Accounting and Usage Statistics


QCDOC Usage (USDOE only)(Under Construction)
USDOE QCDOC Machine Usage

New Users


Computer Accounts

Accessing QCDOC

CTS accounts

CyberSecurity Training

RBRC Users Mailing List

USDOE Users Mailing List


Internal Links
(Available to QCDOC Admins Only)

QBATCH: Interactive Jobs

How to run an Interactive PBS job

Some ACC single MBd partitions have been reserved for Interactive PBS queues that can be used for testing and debugging jobs.
To run an Interactive job the user does not need to copy any of the batch startup scripts (like qbatch.pbs) required by Batch jobs.

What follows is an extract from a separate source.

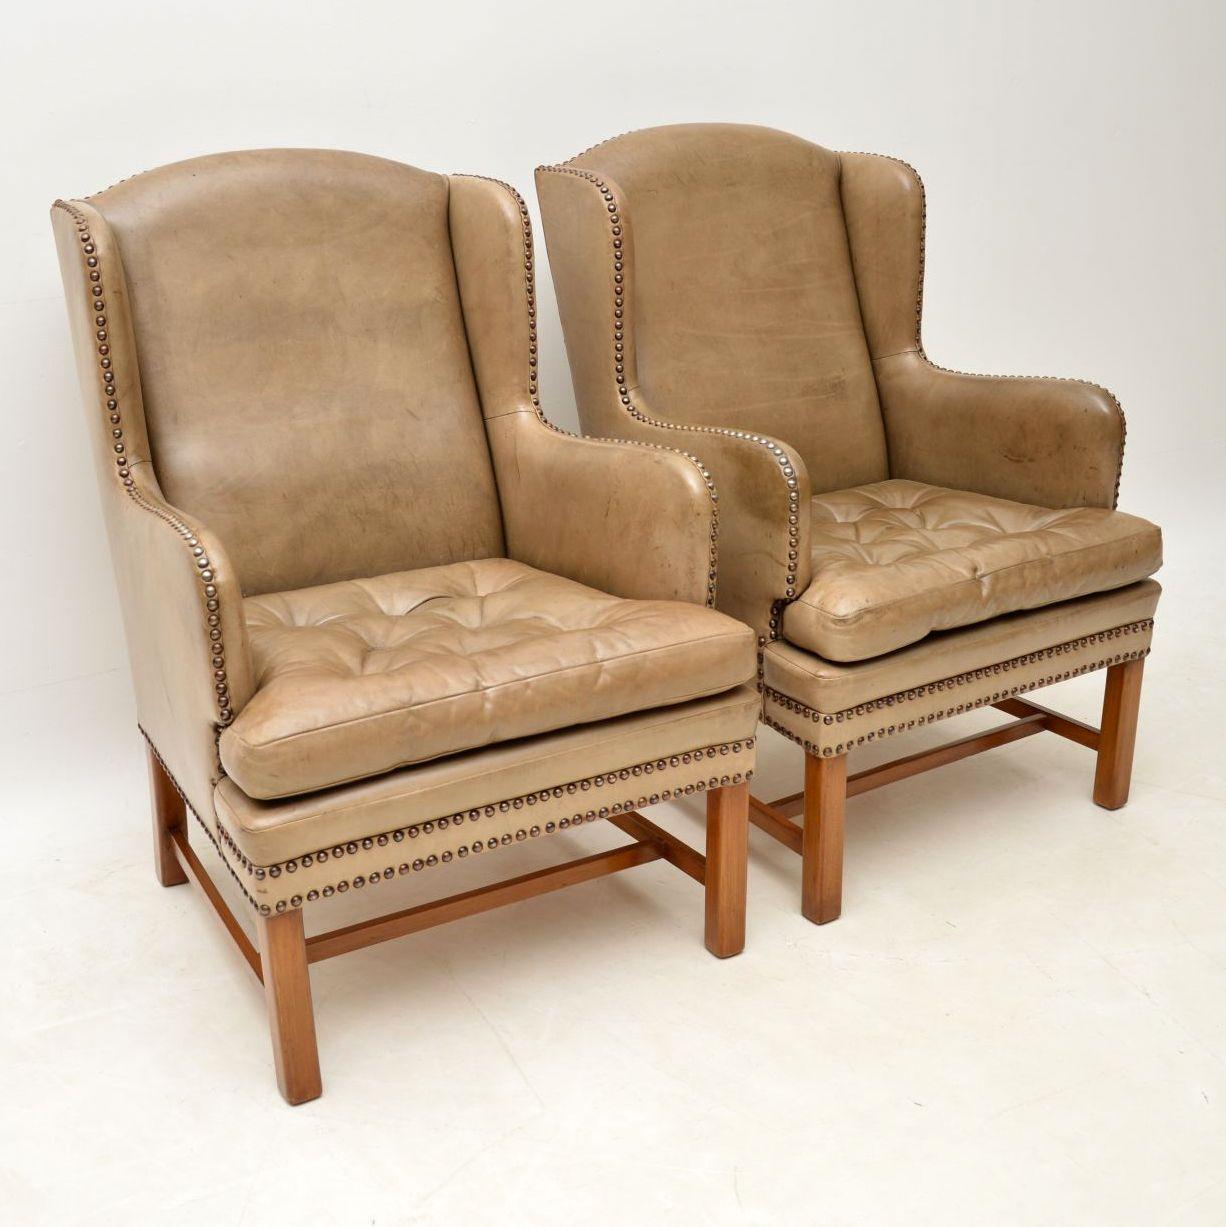 This pair of antique Swedish leather armchairs have quite small proportions for wing armchairs and they have a wonderful original color to the leather. They are in great condition, very comfortable and I would date them to circa 1930s-1950s period.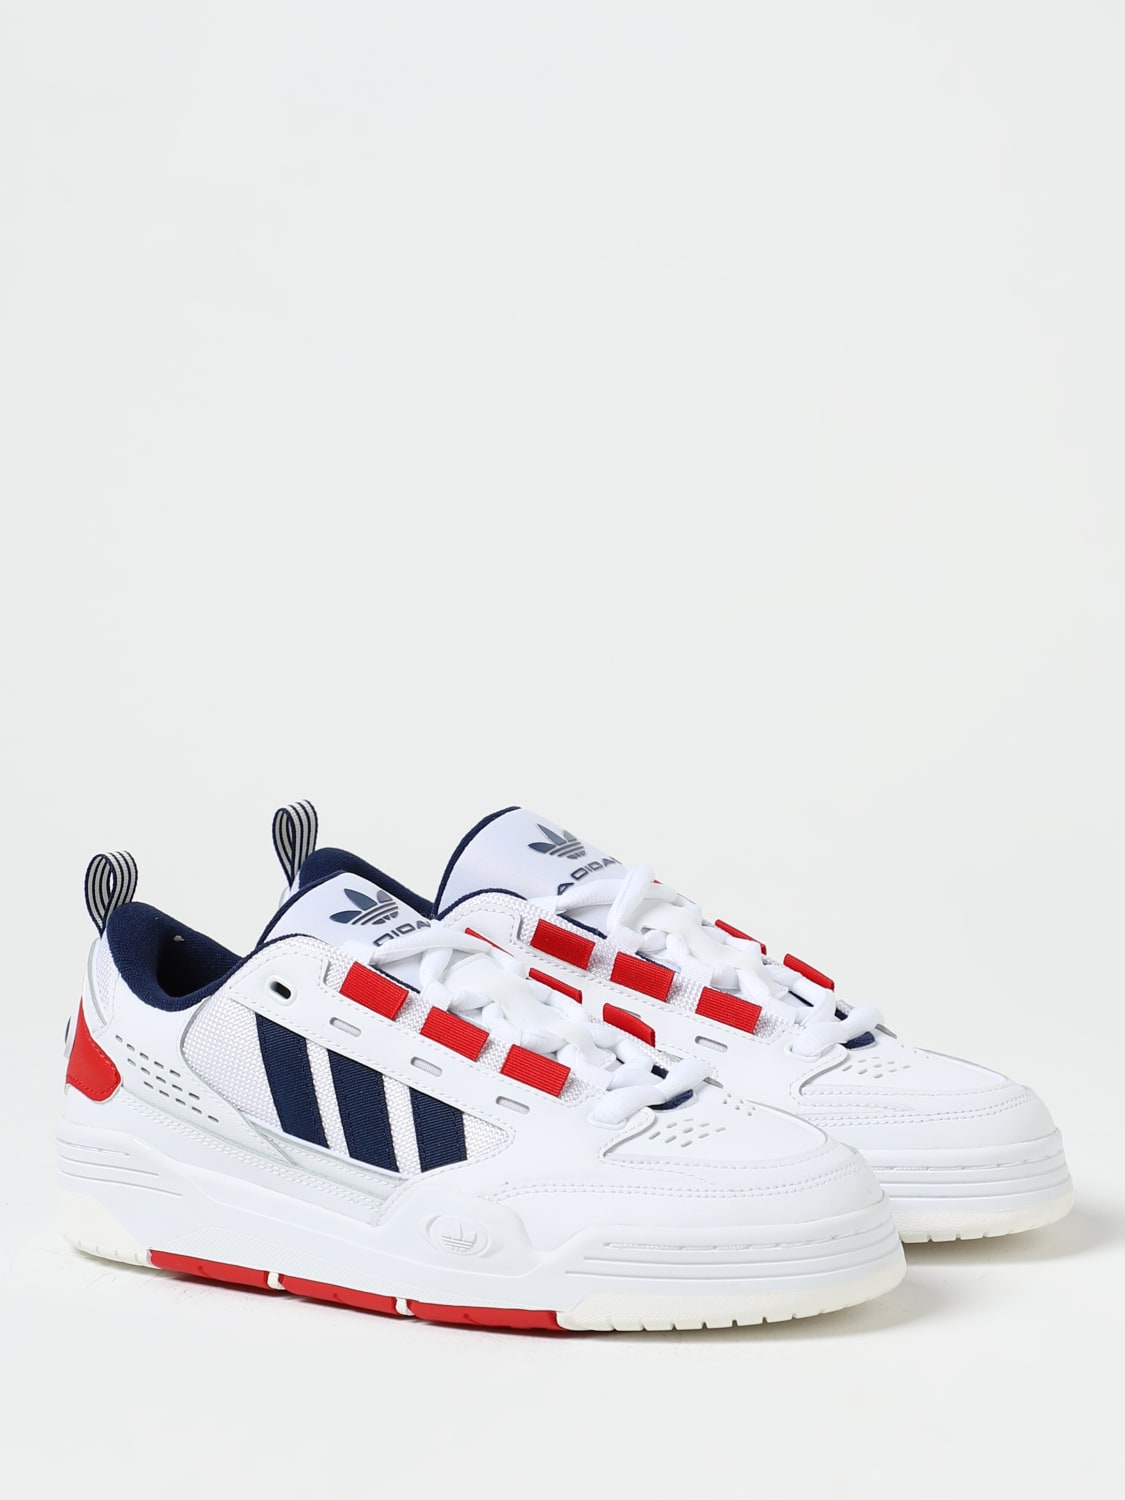 ADIDAS ORIGINALS: ADI2000 sneakers in leather and mesh - White | Adidas  Originals sneakers ID2103 online at | Sneaker low

It is up to the user to start the necessary qdaemon and qcsh processes and issue the appropriate qcsh commands (like qinit, qpartition_connect etc.). A detailed description of the steps that are needed to run a QCDOC job can be found at the User Guide .

Interactive queues have a one hour walltime limit.

To submit an Interactive PBS job you must specify the -I argument in the qsub command and the ACCI (all capitals) queue:

 qsub -I -q ACCI
 
After the job has started you should allocate the machine partition that has been assigned to your job by running pallocate:
 $> /usr/local/bin/pallocate
 
After the partition has been allocated, depending on your SHELL init scripts, you may have to source the appropriate QOS setup script and (if needed) set the QMACHINE env. variable. The latest QOS version is advertised in the motd file and is currently at: /qcdoc/sfw/qos/v2.6.0/pro.
You can now run qsession:
 $> qsession acc7/slot3
 
or start the qdaemon and the qcsh processes:
 $> qdaemon -d -m acc7/slot3 &
 $> qcsh
 
(starting the qdaemon and qcsh processes (or simply running qsession) can be done on a separate shell window).

You should now have a qcsh prompt ready to accept commands. For a detailed descriptions of the steps needed to startup a machine partitions see the User Guide .

Example of running an Interactive job

-bash:stratos@qcdochostb:~> qsub -I -q ACCI 
qsub: waiting for job 5523.qcdochostb.qcdoc.bnl.gov to start
qsub: job 5523.qcdochostb.qcdoc.bnl.gov ready

mom_close_poll entered

-bash:stratos@qcdochostb:~> source $CRE_HOME/bin/setup.sh  

-bash:stratos@qcdochostb:~> /qcdoc/local/etc/pallocate  
 Machine Partition acc7/slot3 is now allocated. 

 You should now source the QOS setup script (if you haven't already done so) 
 and (if needed) set the QMACHINE env. variable to acc7/slot3.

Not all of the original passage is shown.